Hoover defeated Paul Strommen [Christine ’58 Plymouth Fury], Norm Wizner [Mega Ford ’57 Ford] and Michael Martin. He established low elapsed time of the event with a 7.023 second pass.
“That event was nothing but exciting, and I have to admit, if Tim McAmis hadn’t hurt his engine, he would have been a handful to run,” Hoover said. “We were both running good that weekend. As it turned out, winning that race will always be a bright part in my career.”
Hoover will always consider the win to be sufficient compensation for missing the first 200 mph run at 199.21. A broken engine mere feet from the finish line also cost him the first-ever six second pass in doorslammer history.
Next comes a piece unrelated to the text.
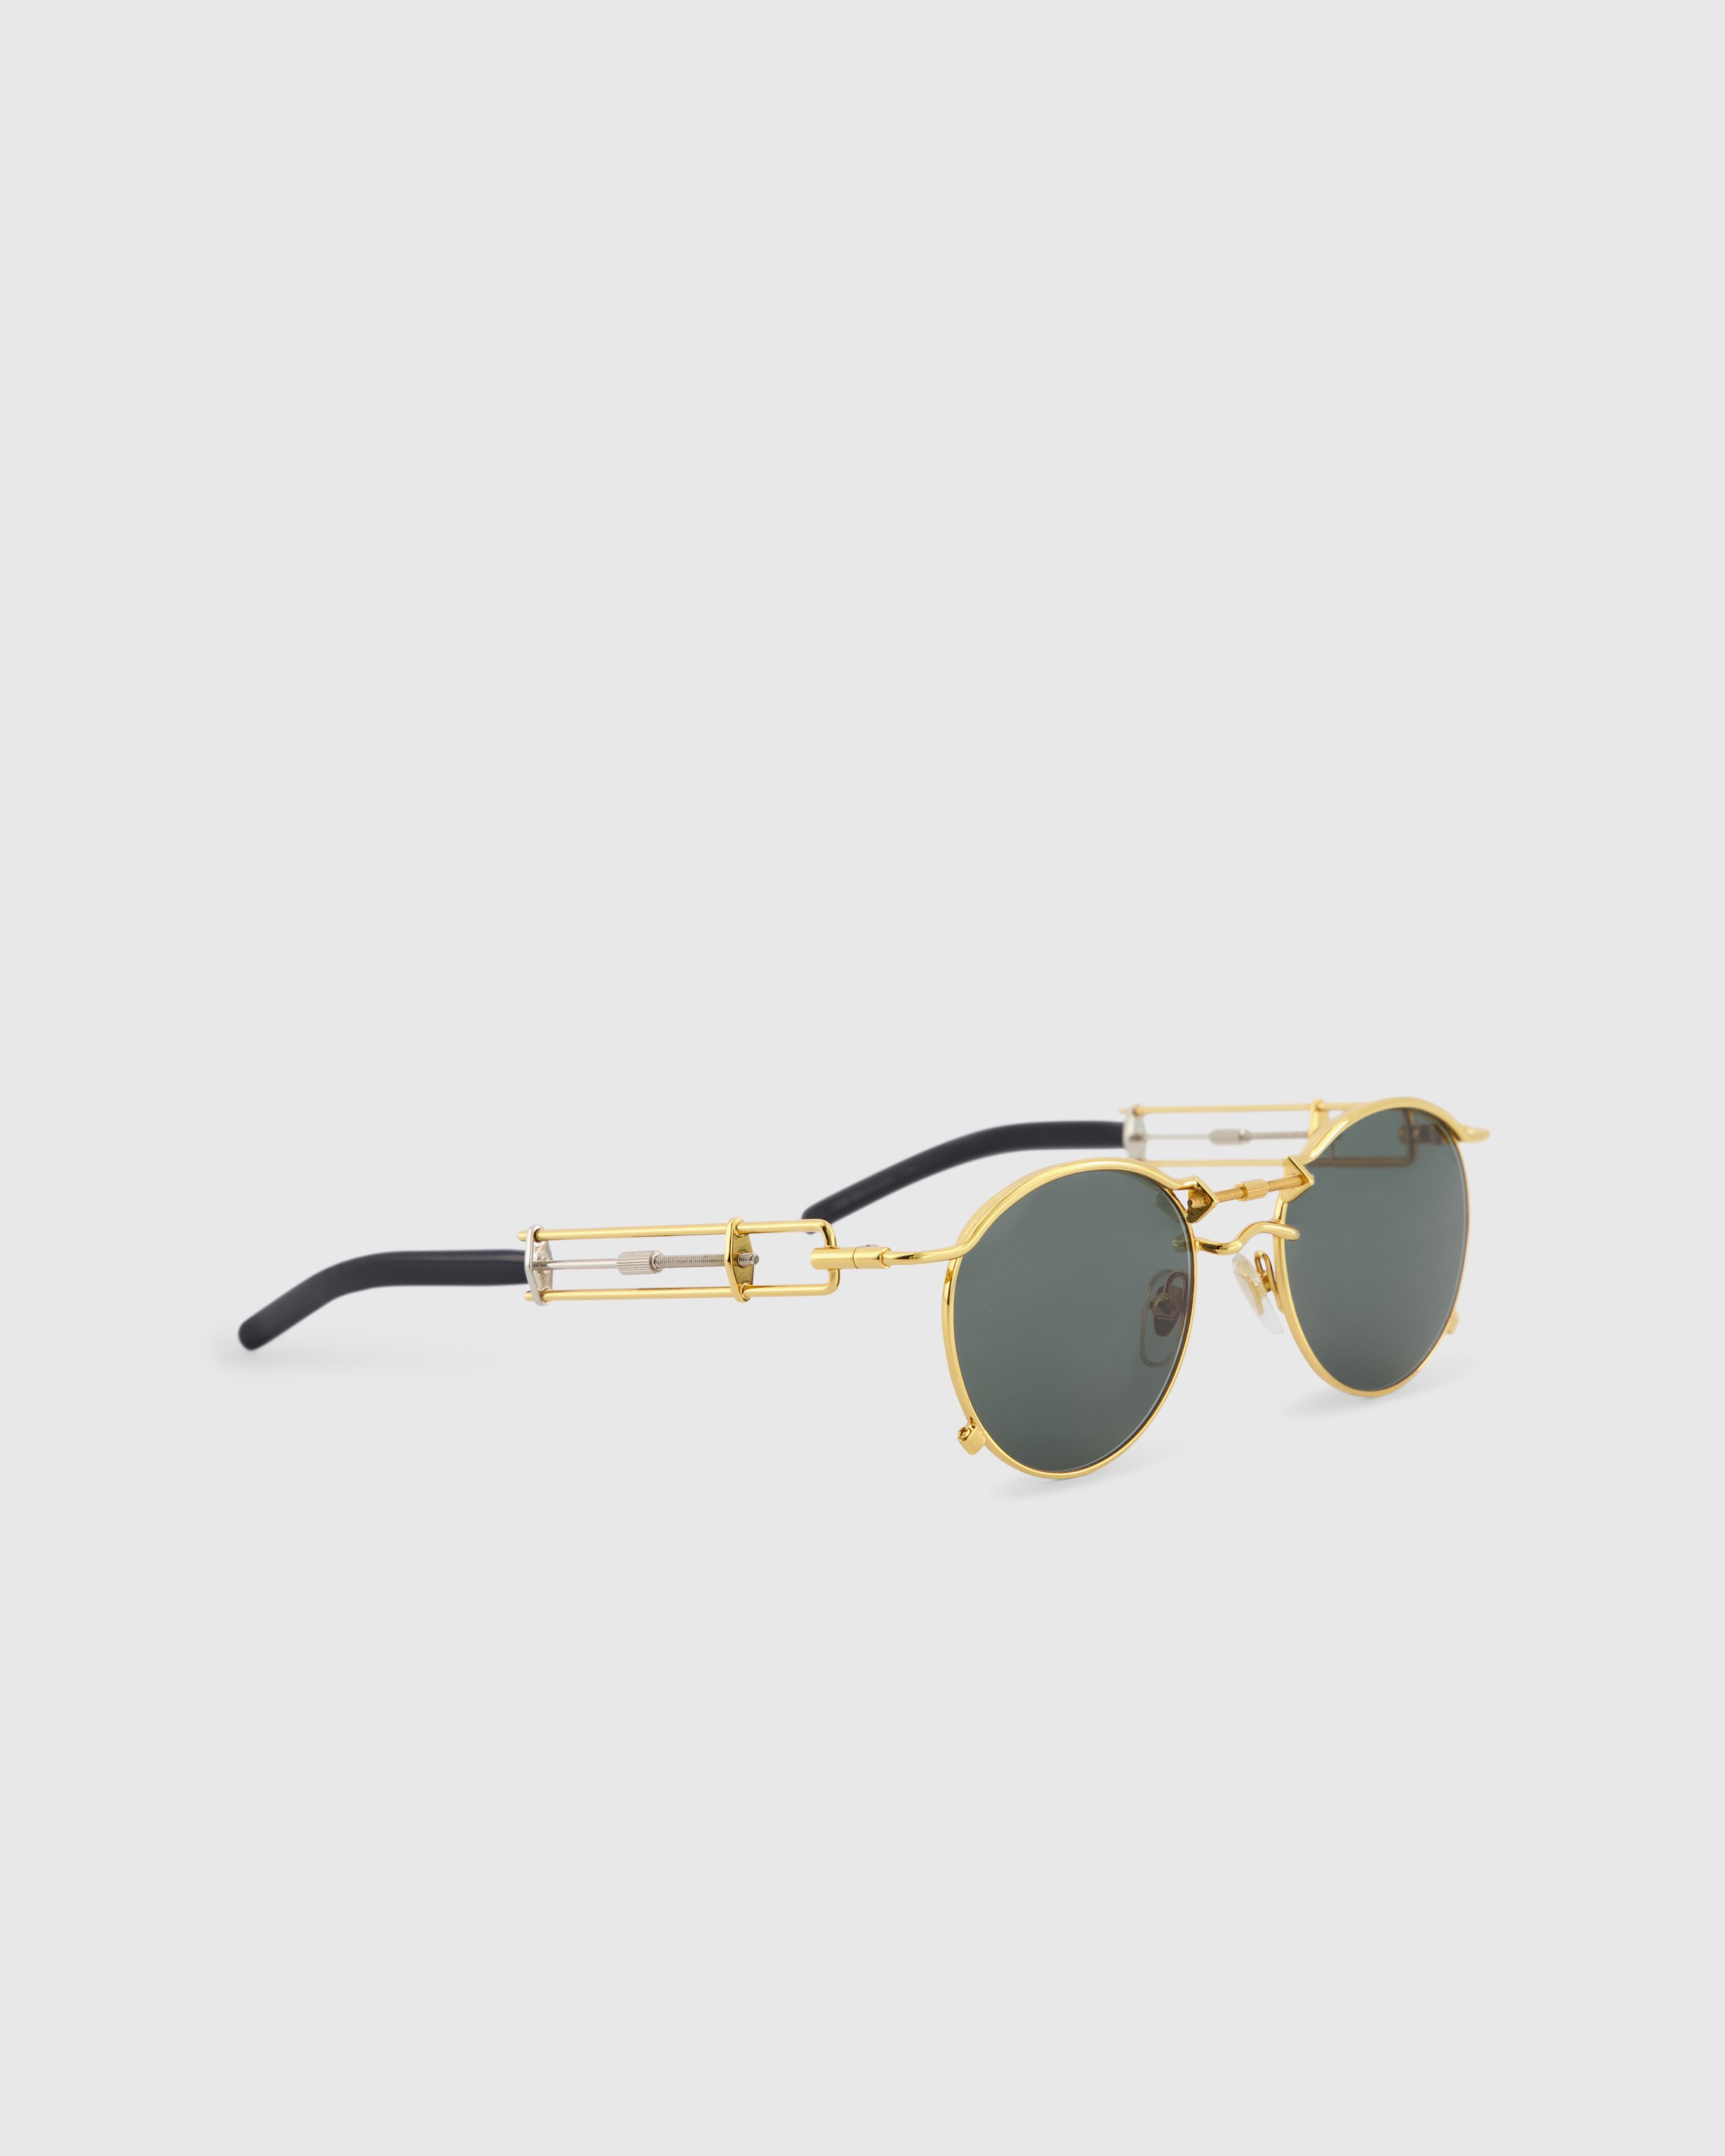 Jean Paul Gaultier x Burna Boy - 56-0174 Pas De Vis Sunglasses Yellow - Accessories - Yellow - Image 2
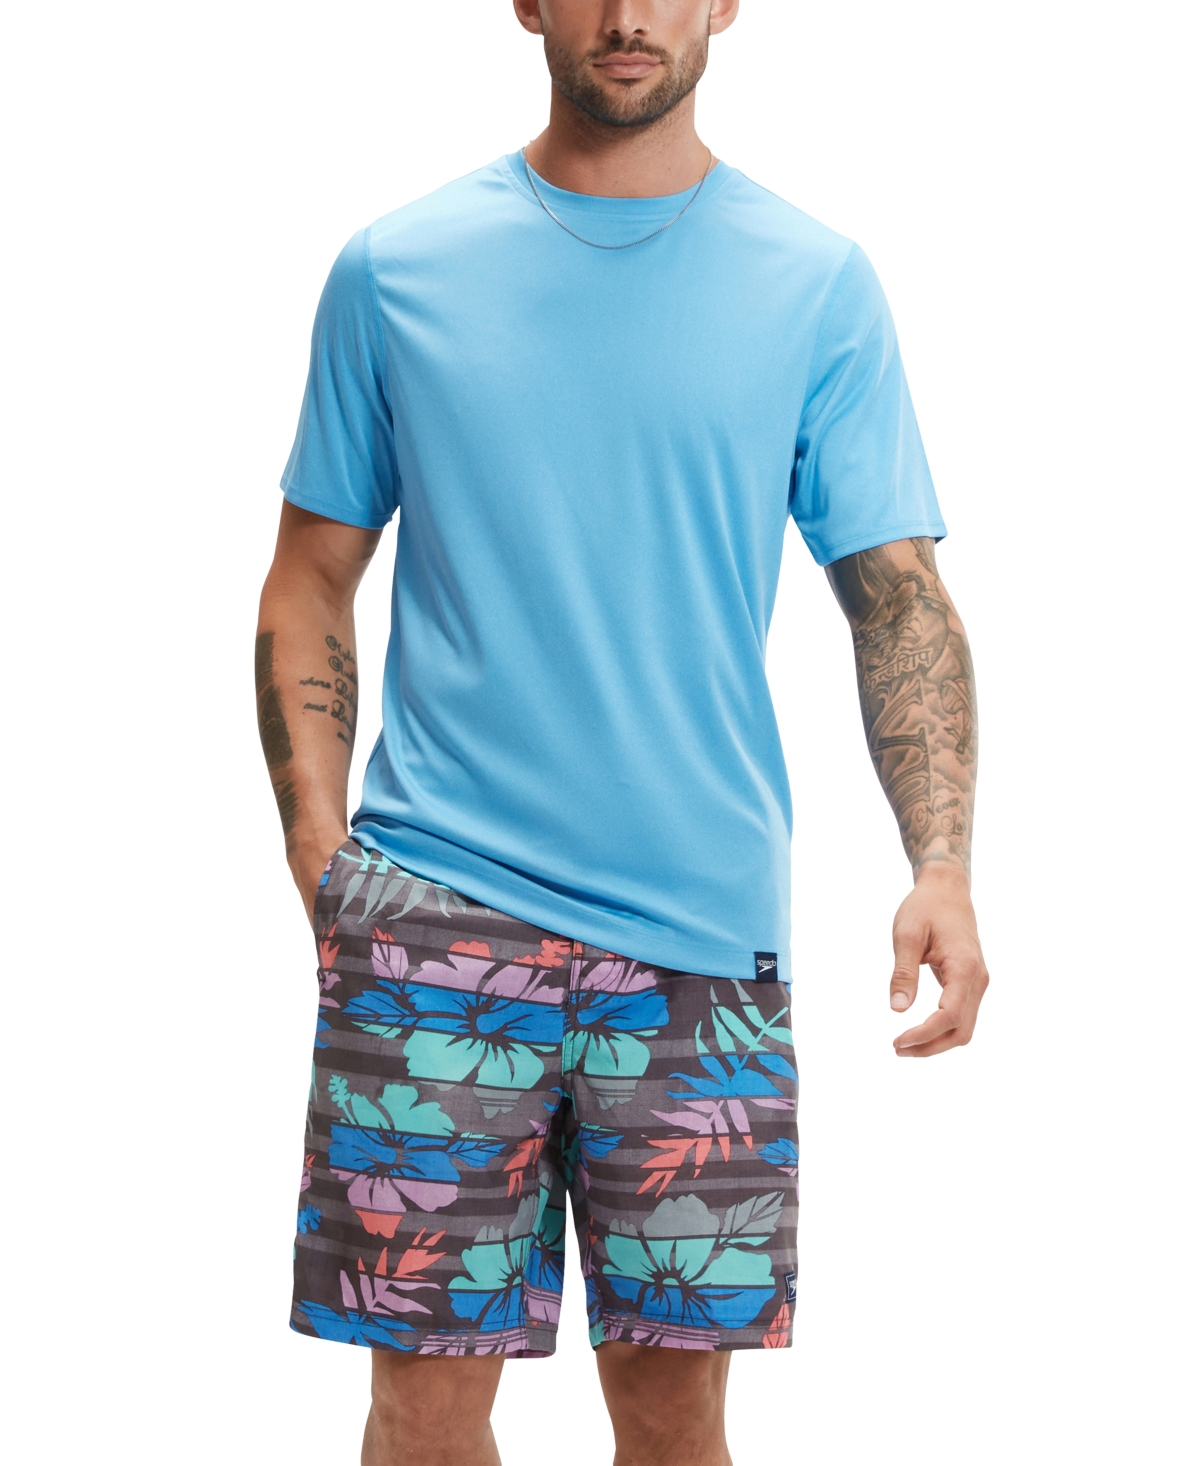 Men's Short Sleeve Crewneck Performance Graphic Swim Shirt - Tranquil Blue

He was the car before Tommy Howes, when the barrier was broken.
Nothing, Hoover contends, was going to rob him of winning that first race in 1990.
“I knew I wanted to win, but the magnitude of it didn’t hit me until well after the event was over,” Hoover added. “We had run the Quick Eight events and won a few of them, so it didn’t immediately register to me. I guess you never really believe that as a drag racer you will end up one day in a trivia question. I guess I was just happy to win a drag race.”